K+-induced HSP-72 expression is mediated via rapid Ca2+ influx in renal epithelial cells

Abstract

Pathophysiological stimuli, including hypoxia, lead to K+ efflux from the intracellular lumen to the extracellular space, thereby increasing local tissue K+ concentrations and depolarizing resident cells. In this study, we investigated the effects of increased extracellular K+ concentrations ([K+]e) on heat shock protein (HSP) expression in the porcine proximal tubule epithelial cell line LLC-PK1. We analyzed HSP-25, HSP-72, HSC-73, and HSP-90 protein expression by Western blot analyses and HSP-72 promoter activity by luciferase reporter gene assays using the proximal 1,440 bp of the HSP-72 promoter. Elevating [K+]e from 20 to 50 mM increased HSP-72 protein expression and promoter activity but did not affect HSP-25, HSC-73, or HSP-90 levels. Addition of identical concentrations of sodium chloride did not increase HSP-72 expression to a similar amount.
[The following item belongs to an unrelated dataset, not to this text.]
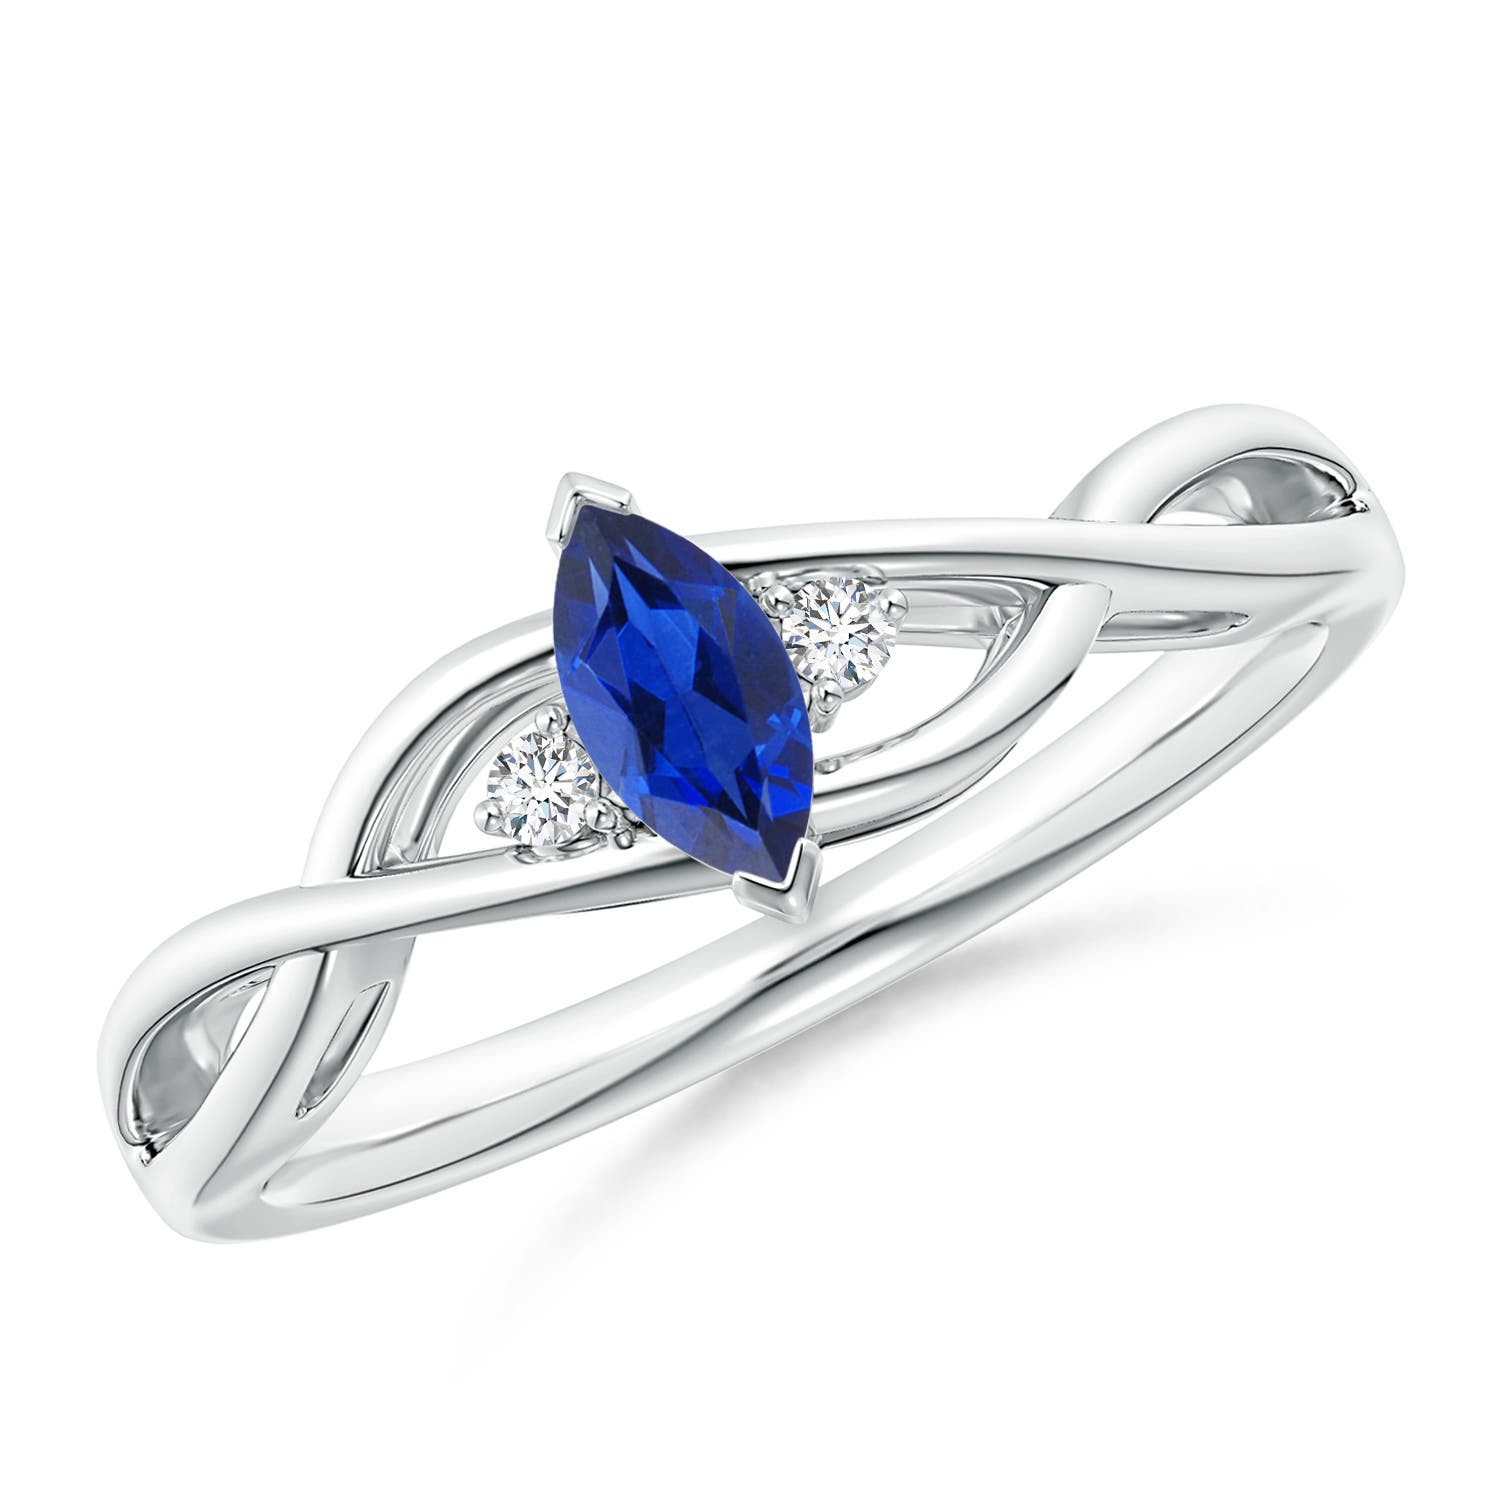 AAA - Blue Sapphire / 0.33 CT / 14 KT White Gold

The Ca2+ channel blocker diltiazem and the Ca2+-specific chelator EGTA-AM abolished high [K+]e-induced HSP-72 expression by 69.7 and 75.2%, respectively, indicating that the transcriptional induction of HSP-72 involves Ca2+ influx. As measured by confocal microscopy using the Ca2+ dye fluo 3-AM, we also observed a rapid increase of intracellular Ca2+ concentration as early as 30 s after placing LLC-PK1 cells in high [K+]e. We further analyzed whether Ca2+ influx was necessary for induction of HSP-72 expression by high [K+]e using Ca2+-free medium. Here, induction of HSP-72 in response to high [K+]e was completely abolished. Our data thus demonstrate activation of a protective cellular response to ionic stress, e.g., elevated K+ concentrations, by specifically increasing protein levels of HSP-72.